▸ **Aim of the task**
Would you return the lines that run from the start of the data below to the line with "Hotter Sunset Nickel", both included, exactly as written and without pictures?

** Supplied material follows **

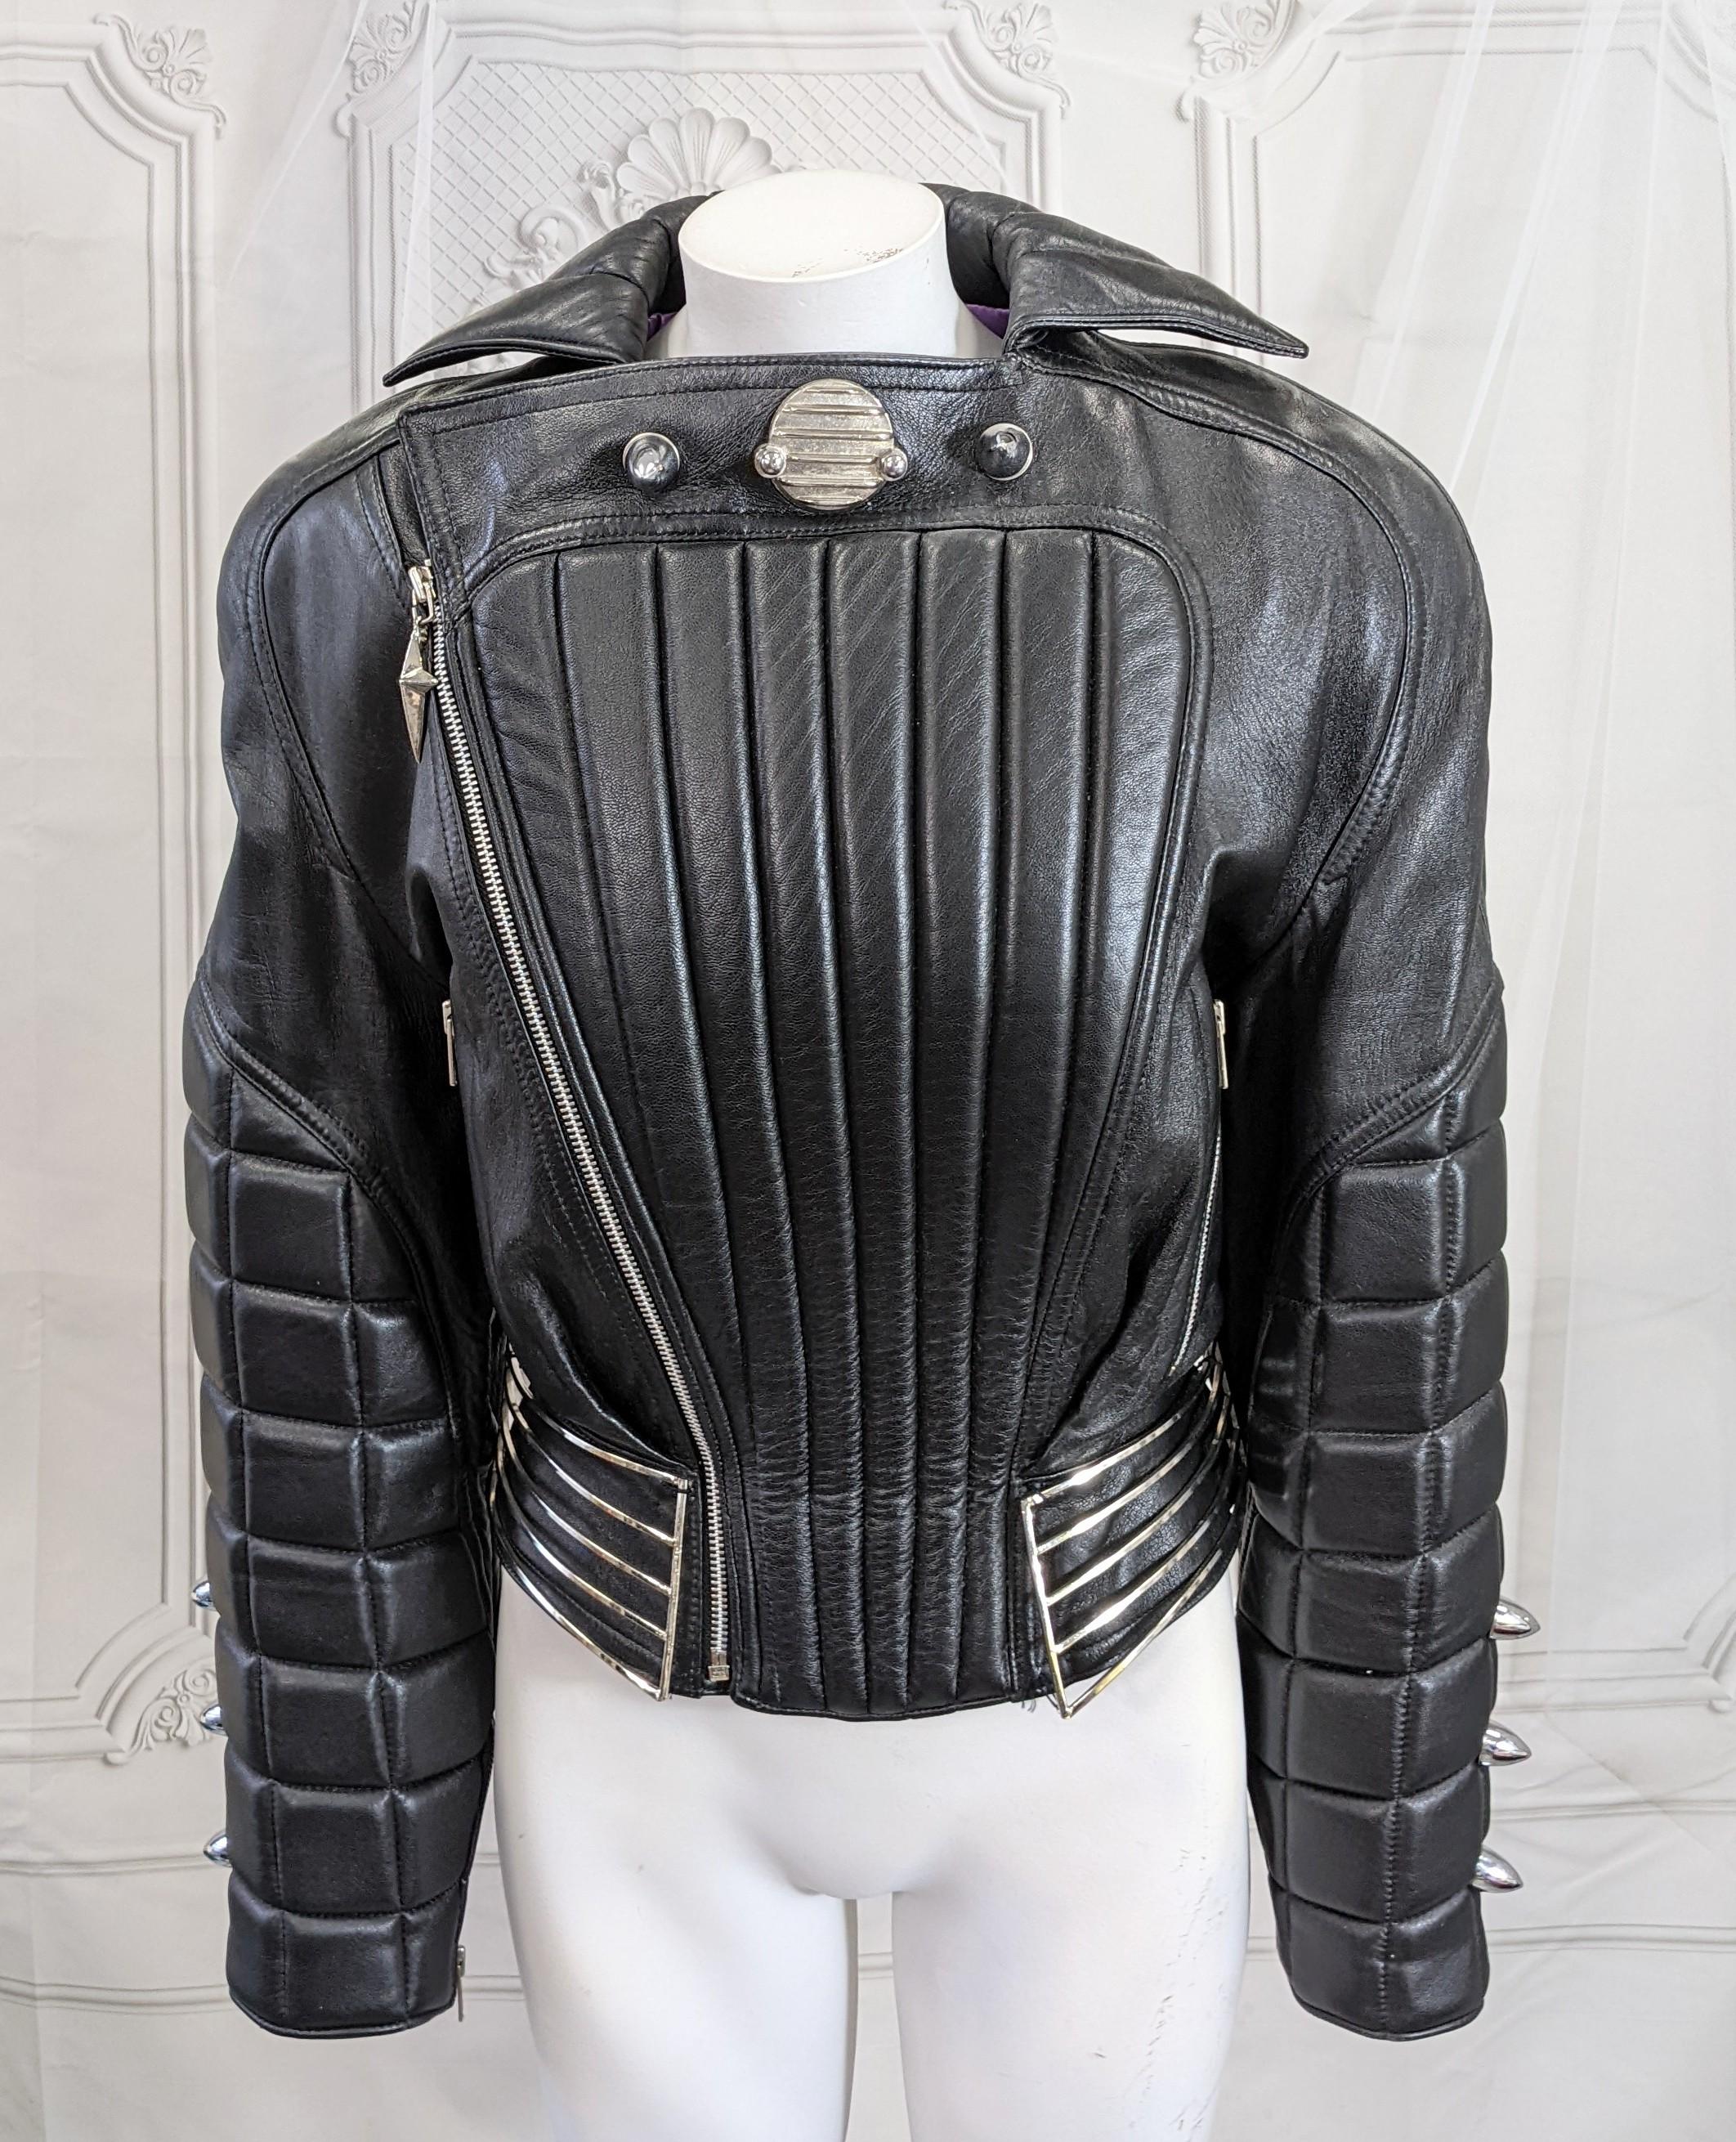  Thierry Mugler Cadillac Grill Padded Motorcycle Jacket, 1989 F/W 1
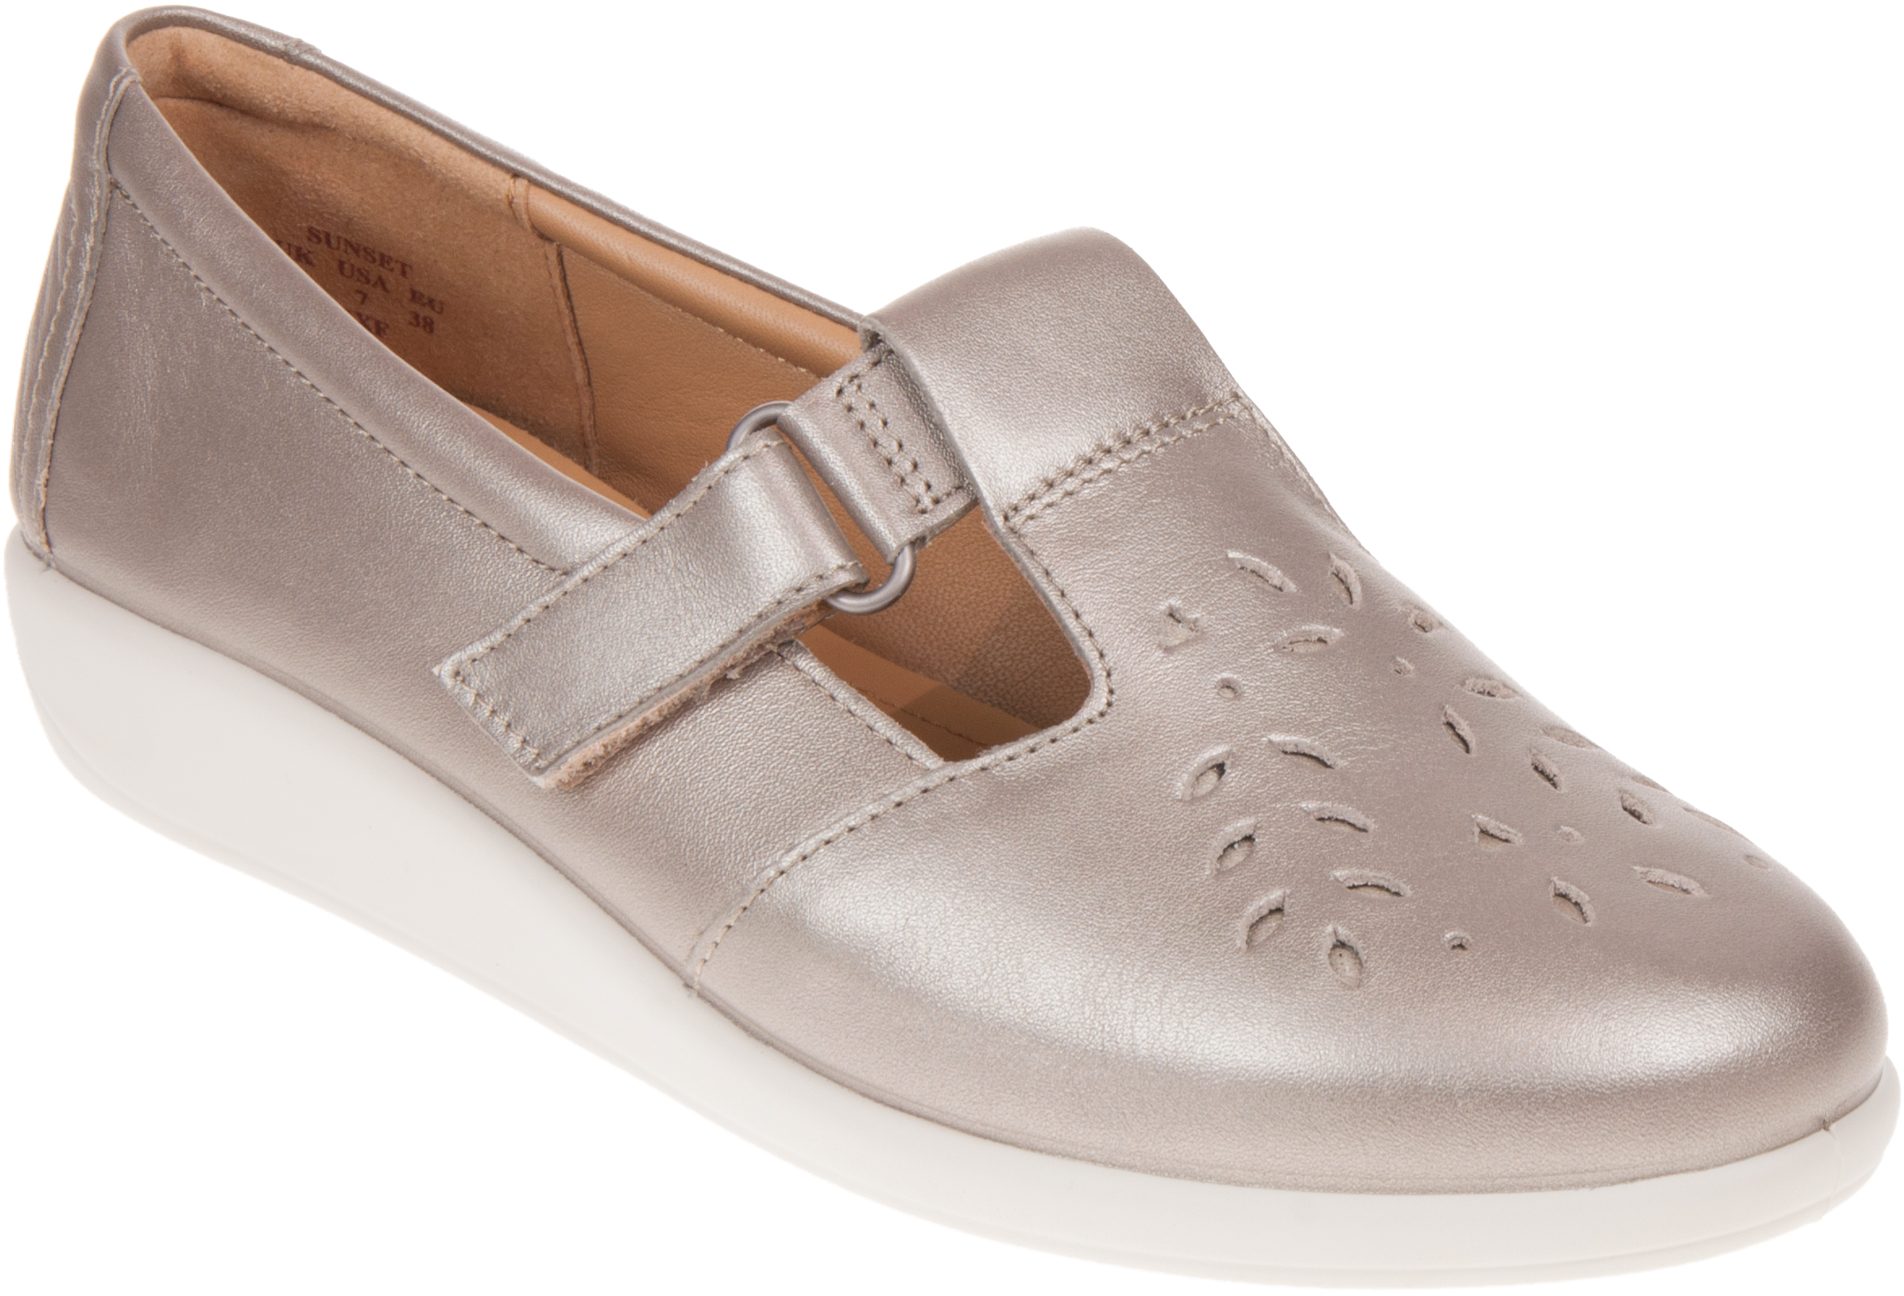 Hotter Sunset Nickel Metallic Leather SUNST3 - Everyday Shoes ...
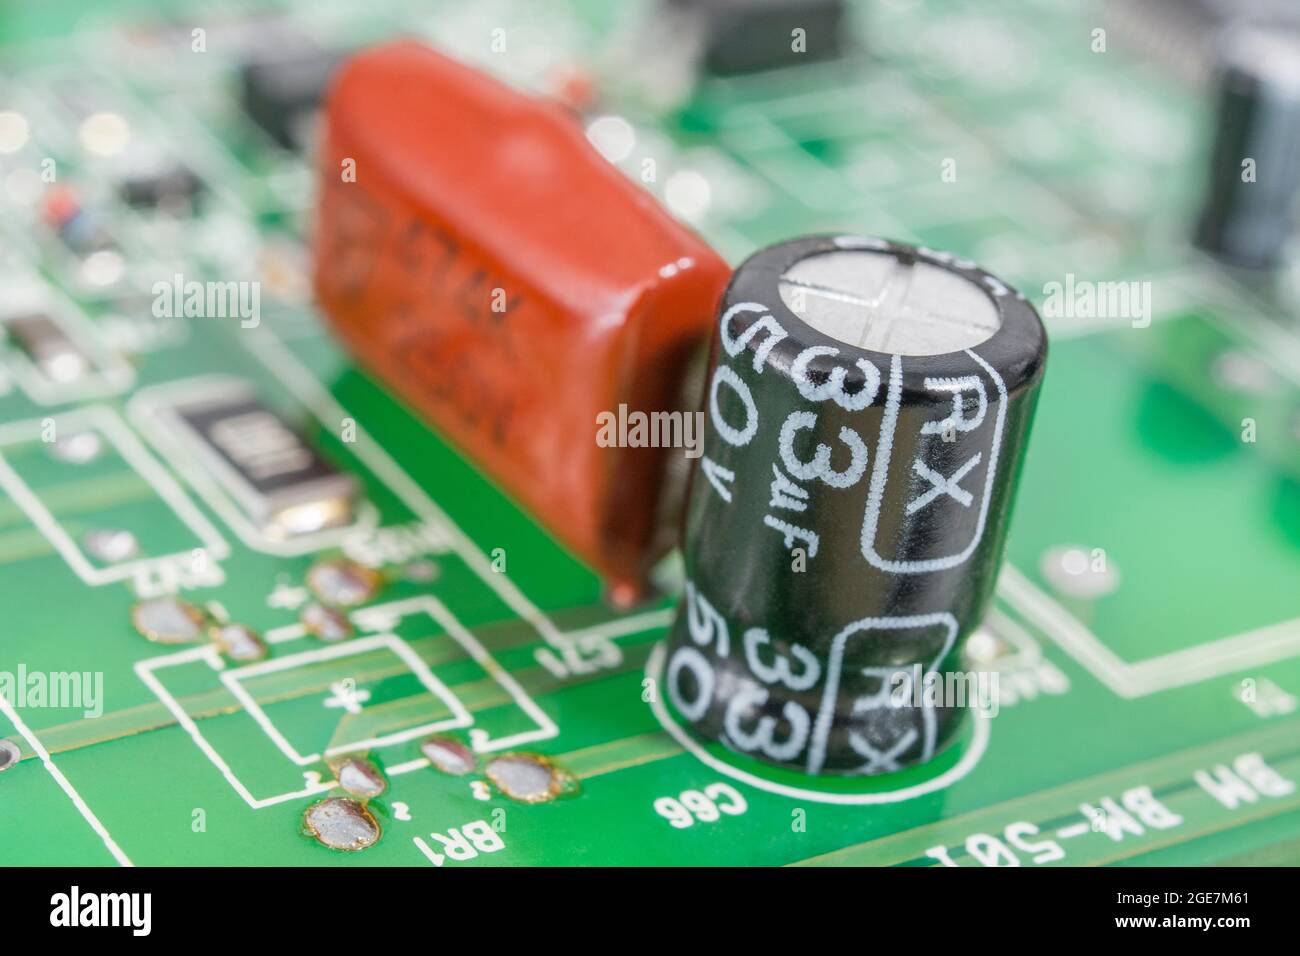 Close-up shot of aluminium electrolytic capacitor on pcb, showing component  rating marking and vent, with dipped film capacitor. Brands unidentified  Stock Photo - Alamy
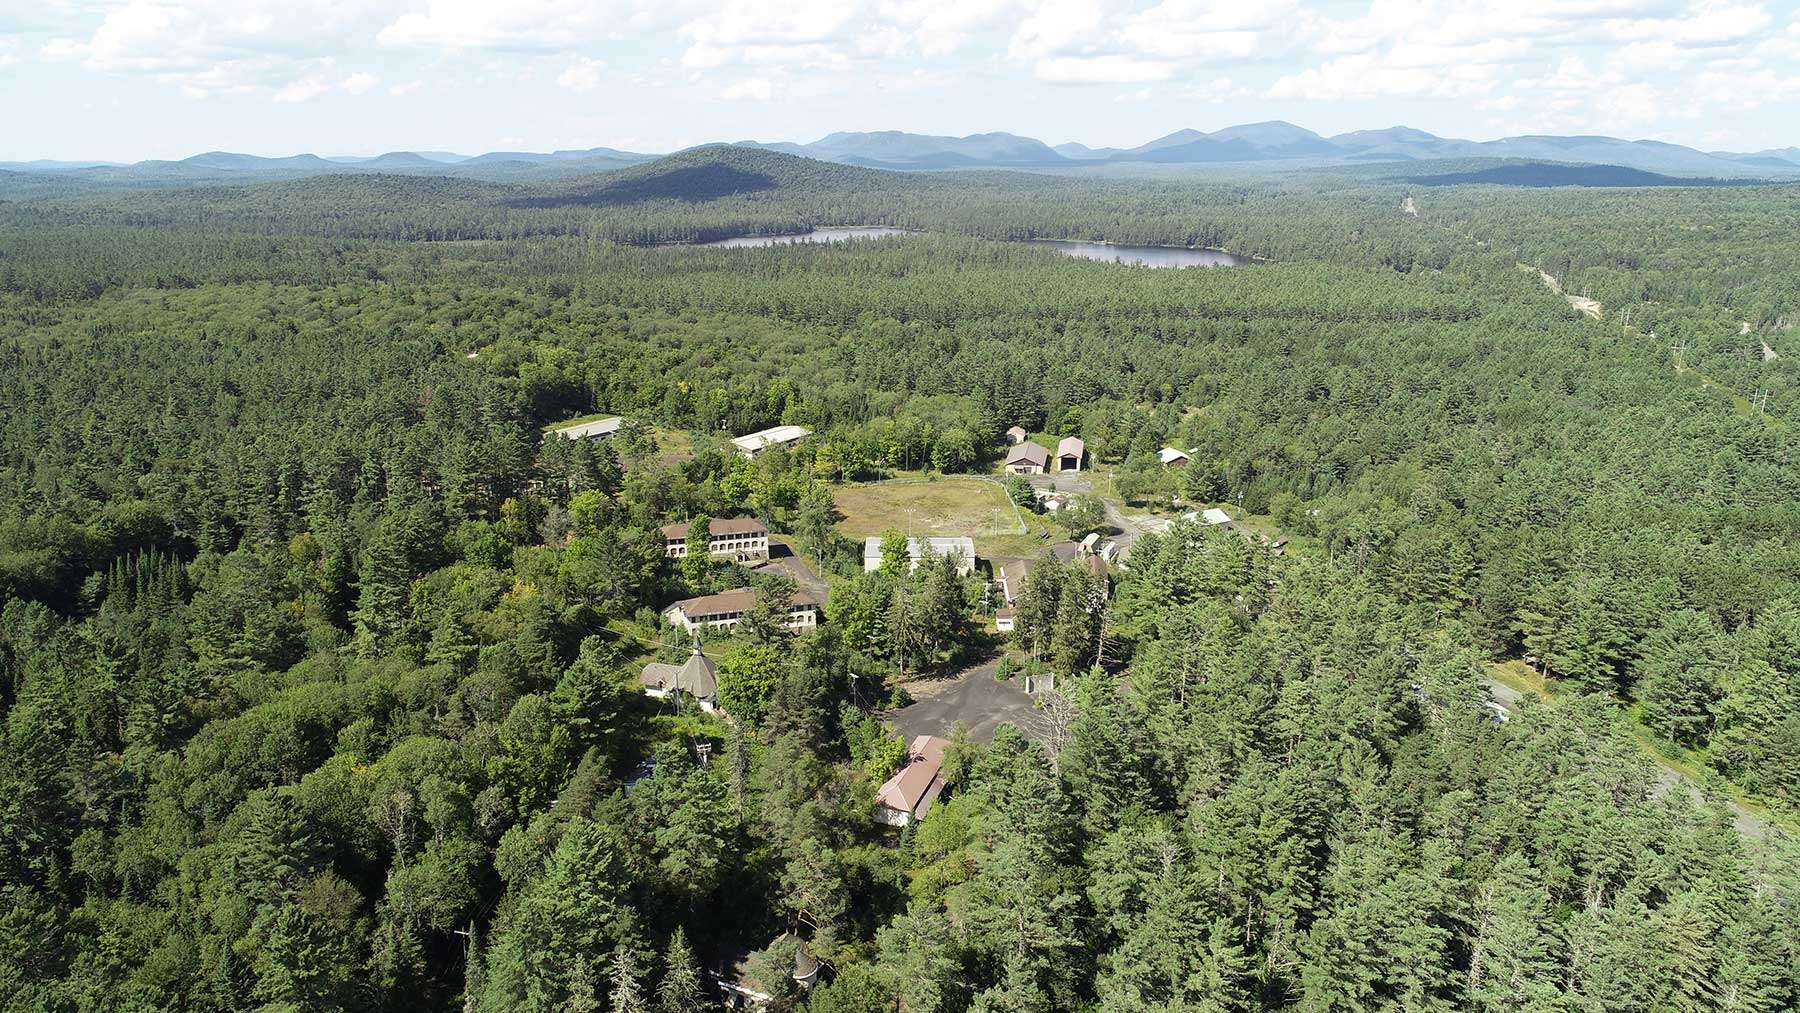 Aerial shot of the Camp Gabriels closed prison in the Adirondack Park

** End of Supplied material **

▸ **Result of the exercise**
  Thierry Mugler Cadillac Grill Padded Motorcycle Jacket, 1989 F/W 1
 Hotter Sunset Nickel Metallic Leather SUNST3 - Everyday Shoes ...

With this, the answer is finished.